The estimated cost of this LAUSD transformation would be nearly half-a-billion dollars.

By his own account, Broad is the fourth-richest resident of Los Angeles, with $7 billion in wealth. So he could easily finance this proposal out of pocket and still pay his property taxes in Brentwood.

But that’s not the plan.

Instead, Broad is shaking the can to his fellow foundationeers and squillionaires. The Gates Foundation of Seattle has already given $29 million for charter schools, while the Walmart-backed Walton Foundation of Bentonville, Ark. has invested over $65 million.

Broad says he’s “creating a more supportive policy environment for charters.” He hopes that virtually overturning the LAUSD in Los Angeles will set a revolutionary example that will enable charter schools to sweep the nation. The private sector would partially regain the control of public education that it lost in the 19th century, whose market-driven schools were excoriated by Charles Dickens.

But modern charter schools are a lot better, right? Some studies show a marked improvement in charters’ performance compared to traditional public schools in areas like reading and math.
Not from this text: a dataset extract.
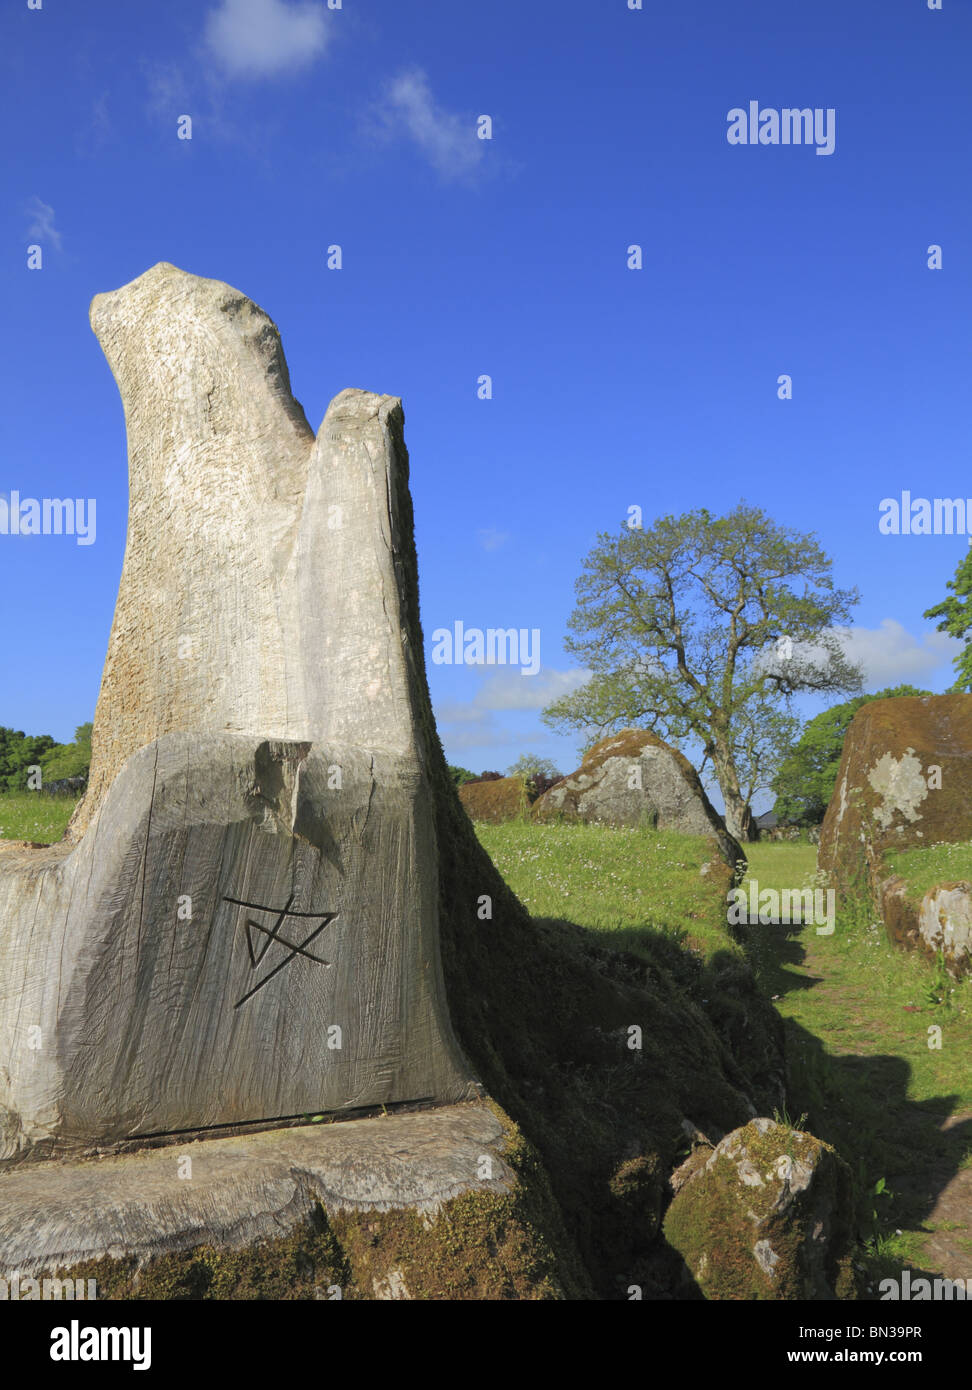 A piece of timber sculpture marks the entrance to Grange Stone Circle in County Limerick, Rep. of Ireland. Stock Photo

Others, however, suggest that the average results are about the same.

LAUSD already has more charters than any other U.S. school district. But supply-side institutions are risky. According to a new report by the Center for Media and Democracy, 2,500 have failed between 2001 and 2013 — 43 in Los Angeles alone — stranding their students and teachers and sinking many millions of U.S. taxpayer dollars. Charter teachers, lacking union support, appear to burn out faster.

According to his autobiography, “The Art of Being Unreasonable,” Broad blames school problems on administration (his signature educational achievement is the Broad Superintendent Academy, whose graduates include recently ousted LAUSD super John Deasy), with little attention to the actual rubber-meets-the road matter of better teaching. Like most charterites, Broad seems to feel that working under a tough superintendent without a union or tenure brings out the best in young teachers.
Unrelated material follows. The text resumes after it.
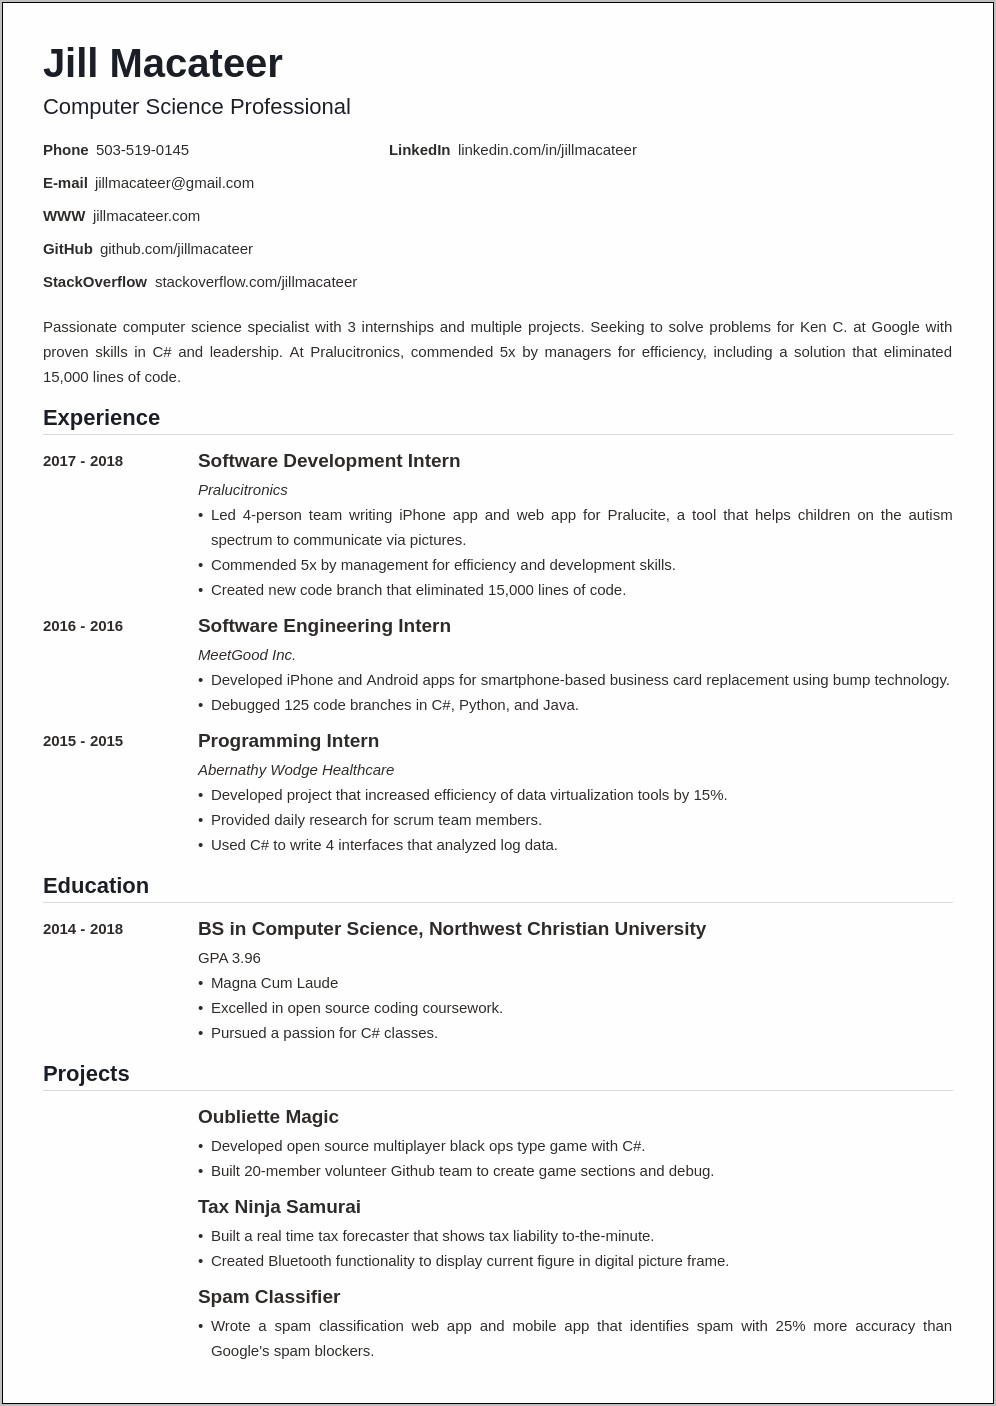 Resume For Professor Job With No Experience

According to the bio, Broad resented attending Detroit’s Central High. “My high school teachers made it very clear that they found my constant questions annoying,” he recalls. It’s interesting that he doesn’t credit Central for any of his ample college success, not to mention his unparalleled business career.

He hasn’t always felt this hostility, though. In 2000, he persuaded former Colorado Governor Roy Romer to apply for LAUSD superintendent, the initial step in the steady if slow revival of the agency derided as “LA Mummified.” Romer and his board championed a $3.3 billion bond measure that studded the landscape with over 20 new LAUSD schools; Broad gave $200,000 toward its passage.
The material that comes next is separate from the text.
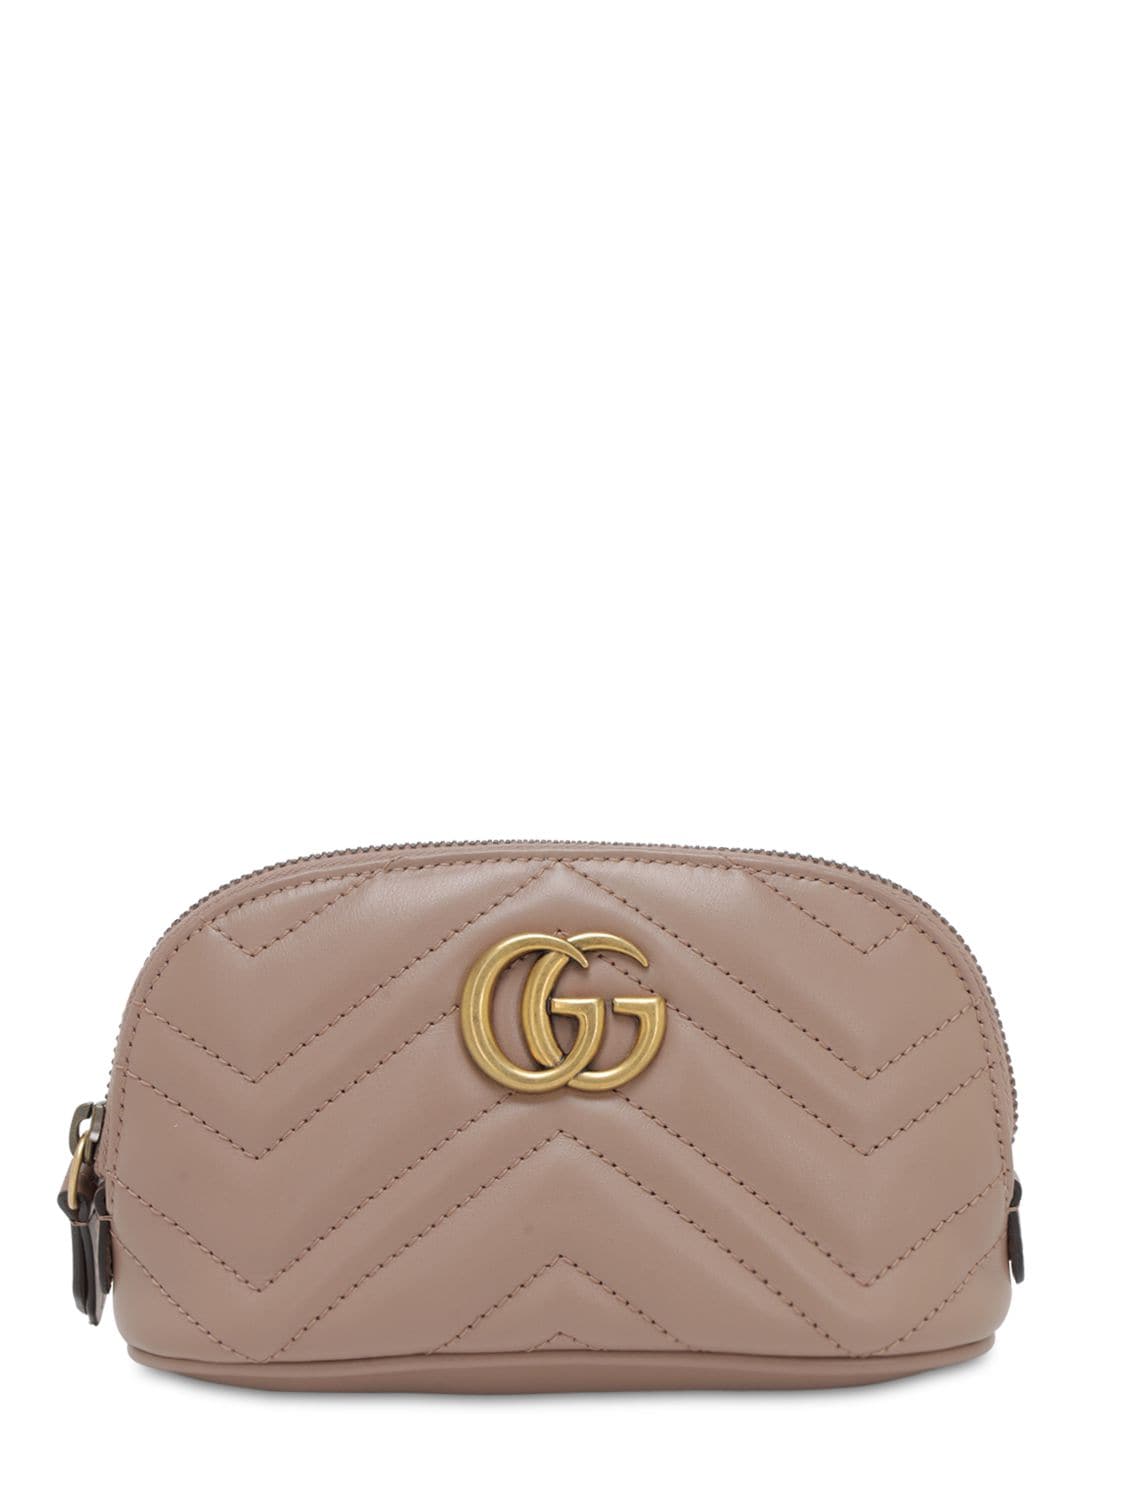 Gucci Small Gg Marmont Leather Beauty Bag In Porcelain Rose

In 2007, he cofounded Strong American Schools, a lobby for better schooling that reportedly eschewed “controversial’’ topics like vouchers and charter schools. But soon his Strong American Schools partner Bill Gates was rooting for charters and Broad followed. Yet, as recently as his 2012 autobiography, he didn’t find conventional public education hopeless.

Now, at 82, Broad’s ambition apparently is to do away with public education as we know it.

“Part of it is ideological commitment to the deregulation notion, and part of it is practical – teacher unions are the last, biggest unions, and taking them down will create much more room for a broader deregulation of the economy and public sector,” said United Teachers Los Angeles chief Alex Caputo Pearl.

Ultimately, it should be about the students. My late friend, LAUSD teacher Alan Kaplan, struggled for over 30 years to teach “left behind” children to think and aspire, rather than just pass standardized tests. I wonder how long Al and others like him would last under a tenure-free, test-focused, supply-side charter school system.